Root of aluminum-tolerant plants have much intense and vigorous growth compared with aluminum-sensitive plants. Aluminum-tolerant plants are also shown to accumulate less aluminum ion and ROS. Aluminum accumulation is highly present in the root apex, and formation of superoxides and peroxides are detected mainly in the elongation zone (Darko et al., 2004). Aluminum affects the rate of root growth more drastically compared with shoot growth. Because of this, it decreases the root/shoot ratio of plants (Pettersson and Strid, 1989).

4. Phytotoxicity of Aluminum and Its Interactions with Nutrients

Mechanism by which aluminum interferes with ion influx in plants is not known. But aluminum has shown interaction with the uptake of many anions and cations (Nunes-Nesi et al., 2014). Aluminum has been involved in interfering with the uptake of cation minerals, whereas it enhances the uptake of anion mineral ions.

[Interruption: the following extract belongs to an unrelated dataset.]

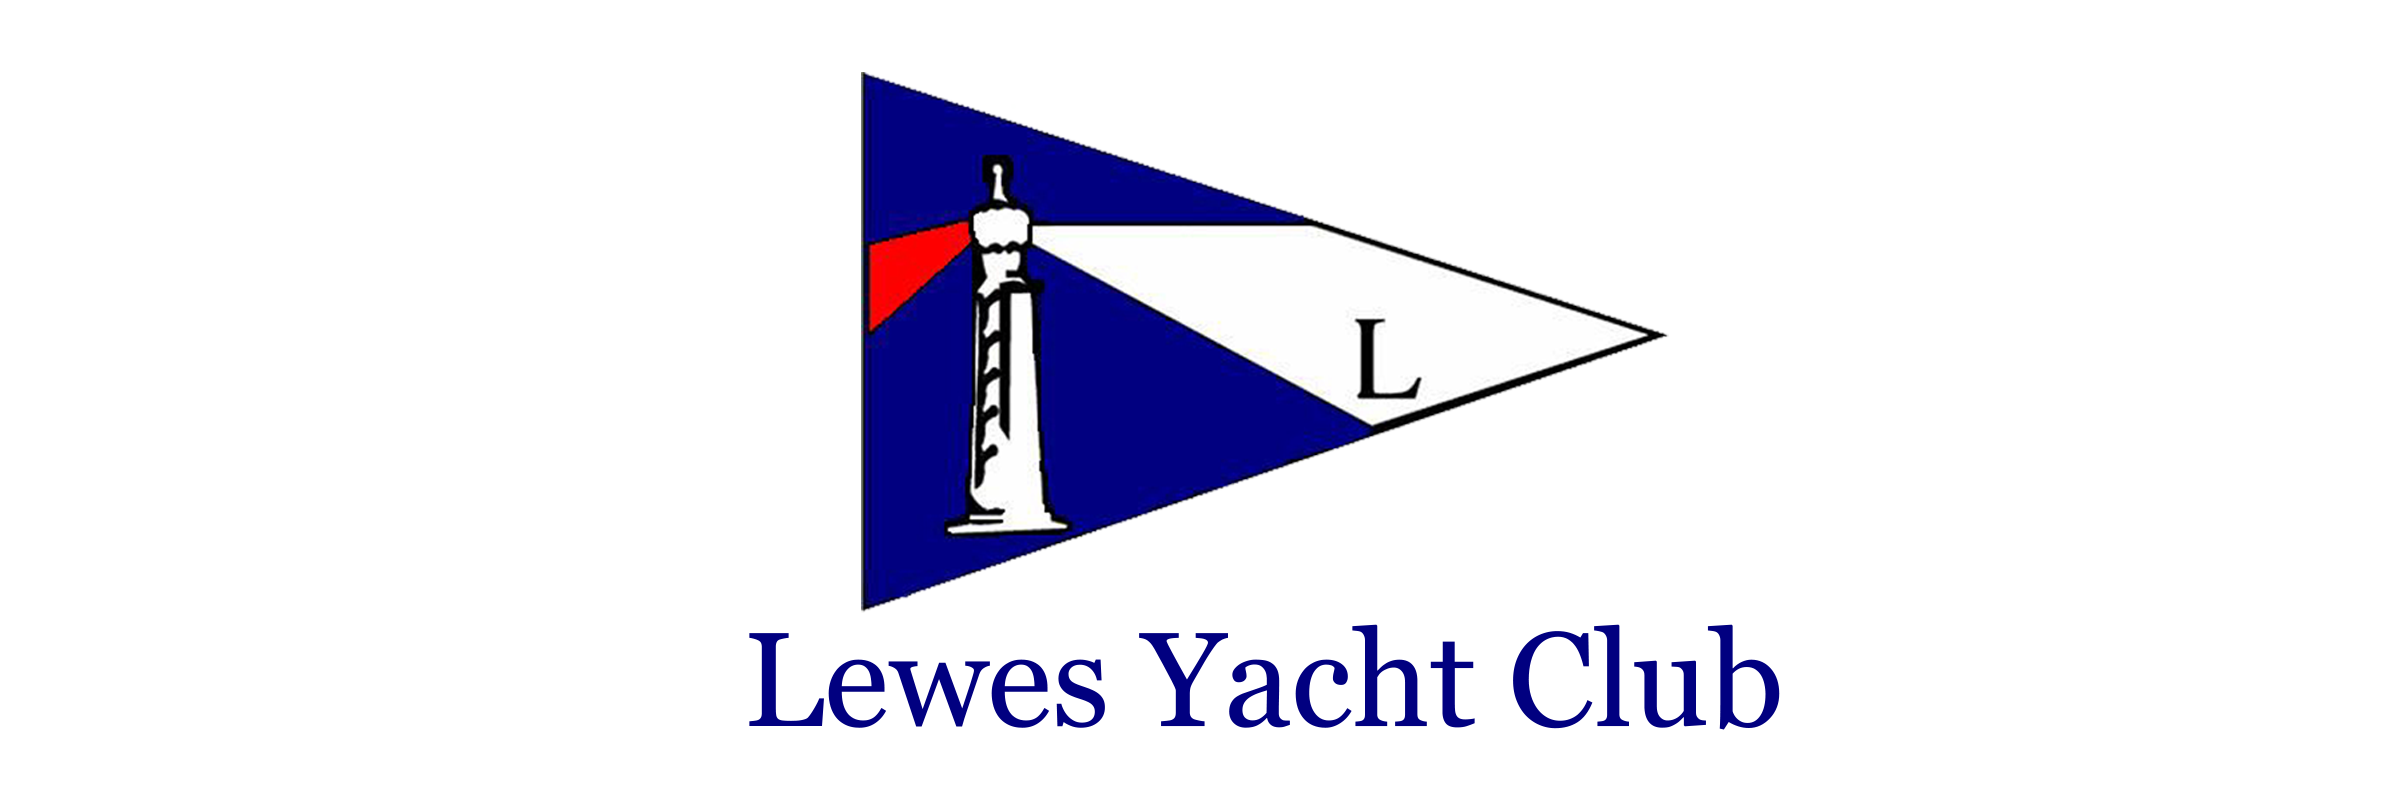 lewes yacht club membership waiting list

4.1. Aluminum Interference with Nitrate Ions and Ammonium Ions

Aluminum accumulation in the root apex, root tip, adjacent root cap, and mucilage has shown to be directly related to inhibition of nitrate ion uptake by root in aluminum-tolerant as well as aluminum-resistant plants. Uptake of nitrate inhibition by aluminum exposure has been shown to be of the same extent on all root regions (Lazof et al., 1994). Aluminum treatment in aluminum-sensitive barley results in enhancement of nitrate ion influx by 44% (Nichol et al., 1993). Aluminum has been found to inhibit ammonium uptake of plants up to 40% in aluminum-sensitive barley cultivars (Nichol et al., 1993). Triticum aestivum plants were grown in aluminum solution for 21  days at pH 4.5; the ammonium ions were depleted rapidly, followed by depletion in nitrate ions. Depletion of ammonium ions is most rapid, which results in increased pH. The rate of decline in pH is positively correlated to depletion in the concentration of ammonium ions (Taylor and Foy, 1985).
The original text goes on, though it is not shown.